The applicable subheading for the 12 sample lining-pads will be 6406.10.9040, Harmonized Tariff Schedule of the United States (HTS), which provides for shoe uppers or the parts thereof, which are other than stiffeners, ornaments, braid, laces (incl. shoe laces), buttons, pompons, or other trimmings, or in general, most parts which could be used in articles besides footwear; which, as un-external parts of uppers, are not essentially only of leather or of rubber and/or plastics and contain textile materials that are substantially more essential than any other type of material, excluding the two just named; and in which, of the textile materials present, the man-made fibers weigh more than the cotton fibers, the wool and/or fine animal hair fibers or any other single type of fiber. The duty rate will be 8.6 percent ad valorem.

These items all fall within textile category designation 669. Based upon international textile trade agreements, products of Taiwan are presently subject to visa requirements and quota restraints.

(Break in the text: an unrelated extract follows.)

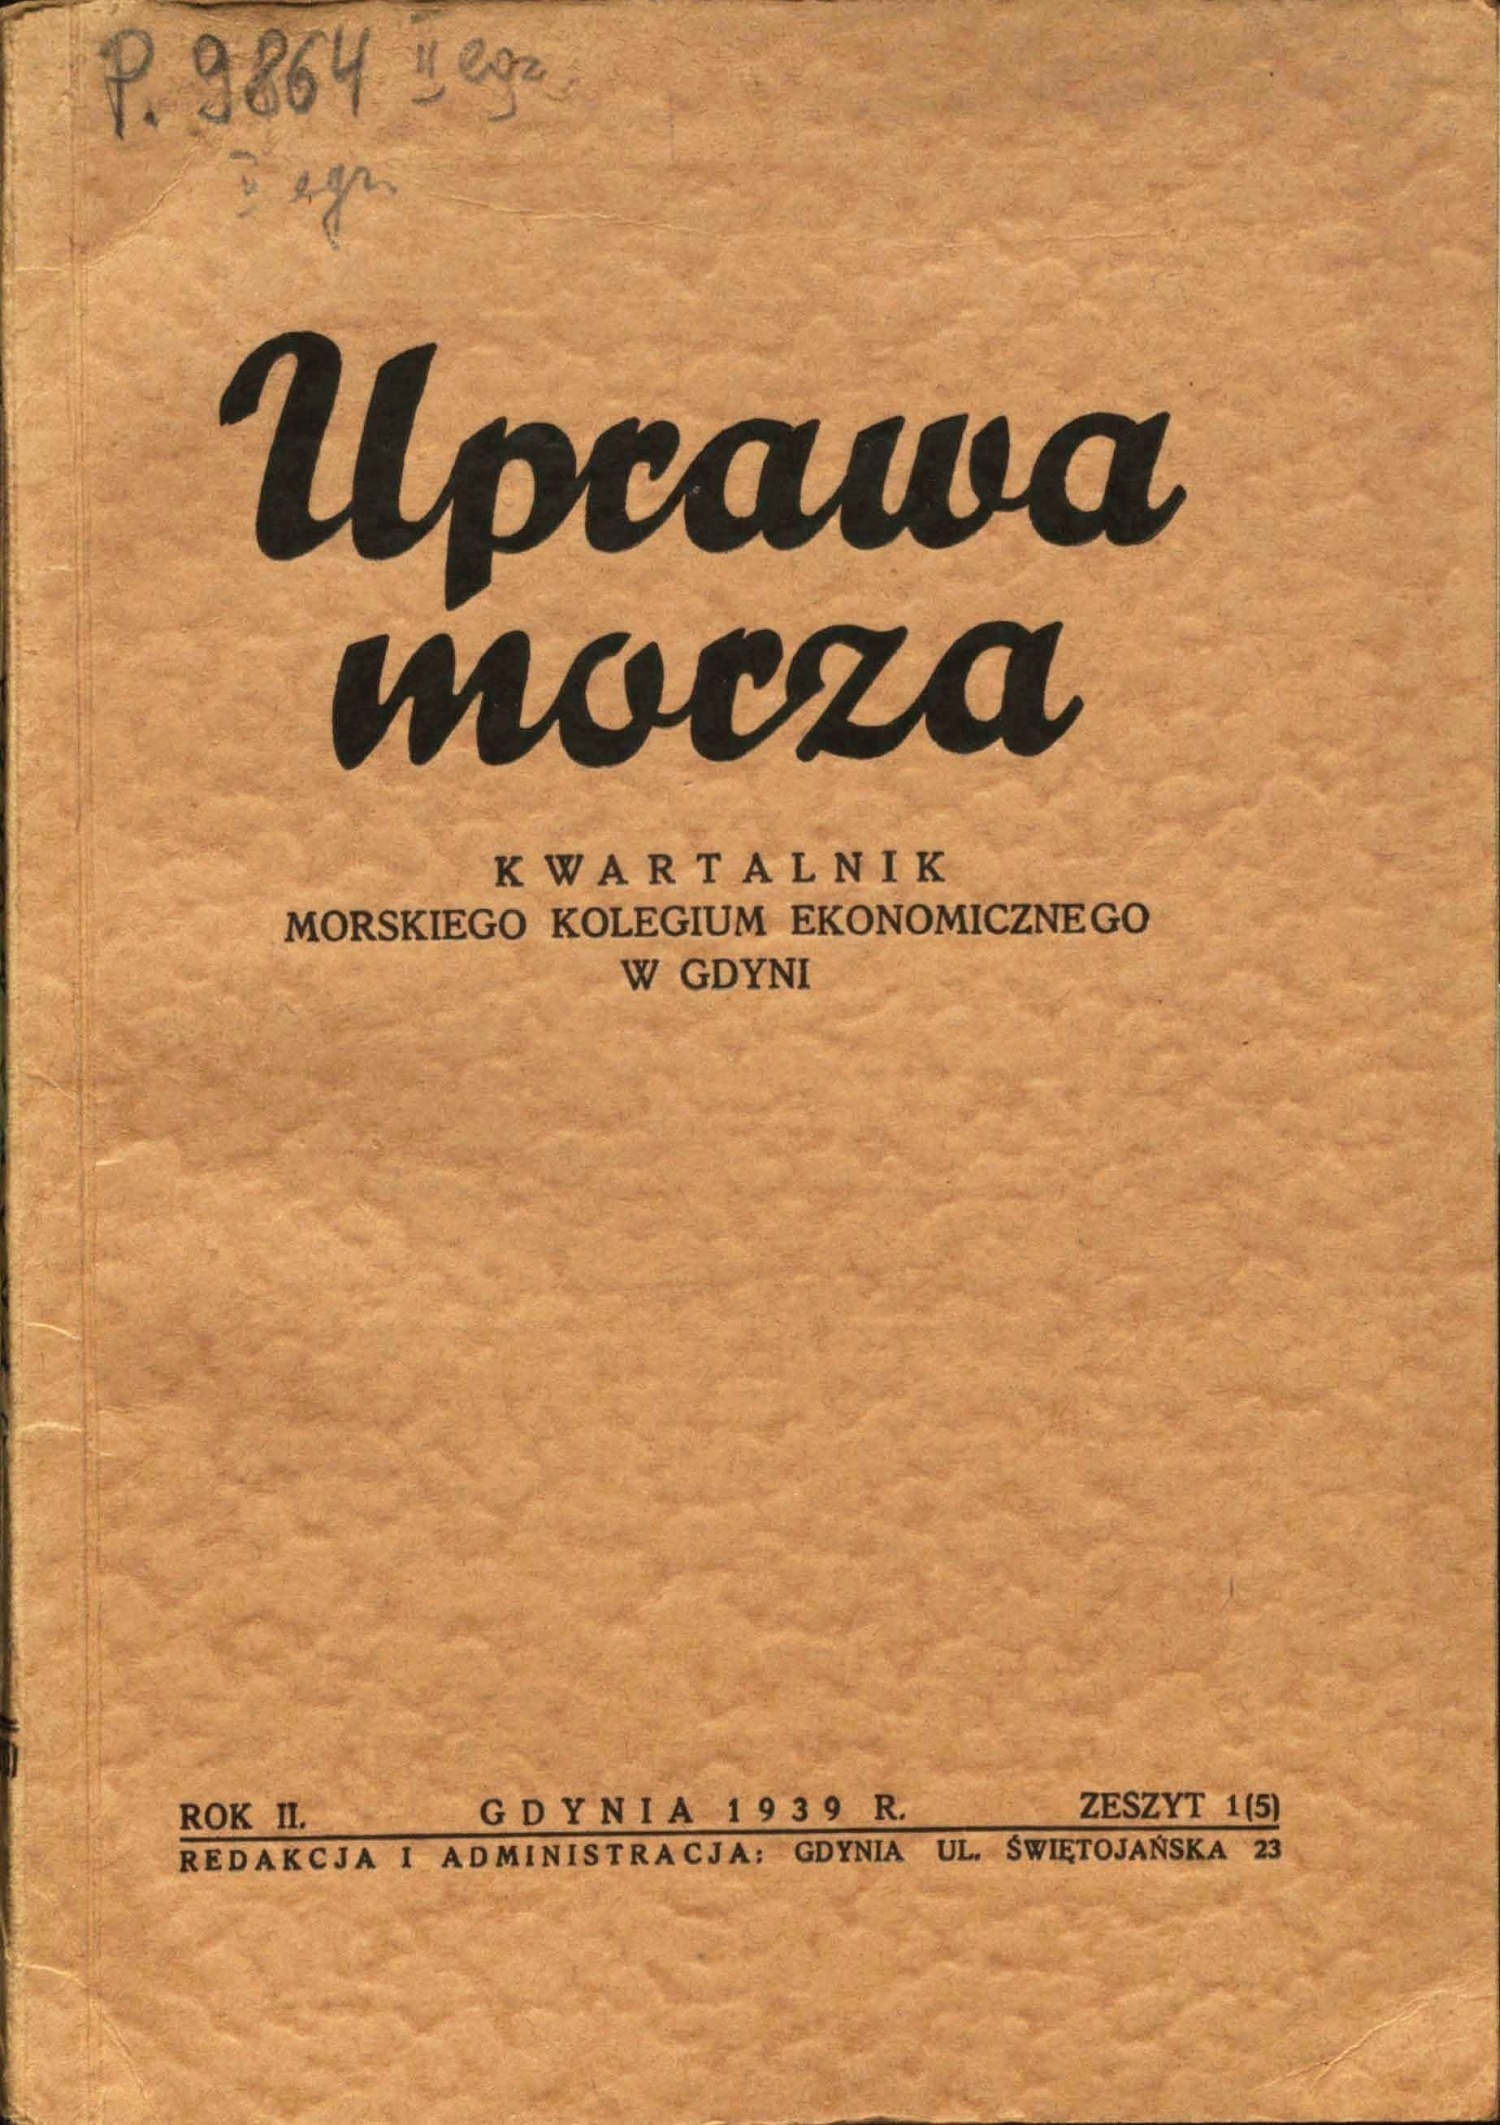 Okładka czasopisma „Uprawa Morza” z roku 1939

The designated textile and apparel category may be subdivided into parts. If so, visa and quota requirements applicable to the subject merchandise may be affected. Since part categories are the result of international bilateral agreements which are subject to frequent renegotiations and changes, to obtain the most current information available, we suggest that you check, close to the time of shipment, the Status report On Current Import Quotas (Restraint Levels), an internal issuance of the U.S. Customs Service, which is available for inspection at your local Customs office.

This ruling is being issued under the provisions of Section 177 of the Customs Regulations (19 C.F.R. 177).

A copy of this ruling letter should be attached to the entry documents filed at the time this merchandise is imported. If the documents have been filed without a copy, this ruling should be brought to the attention of the Customs officer handling the transaction.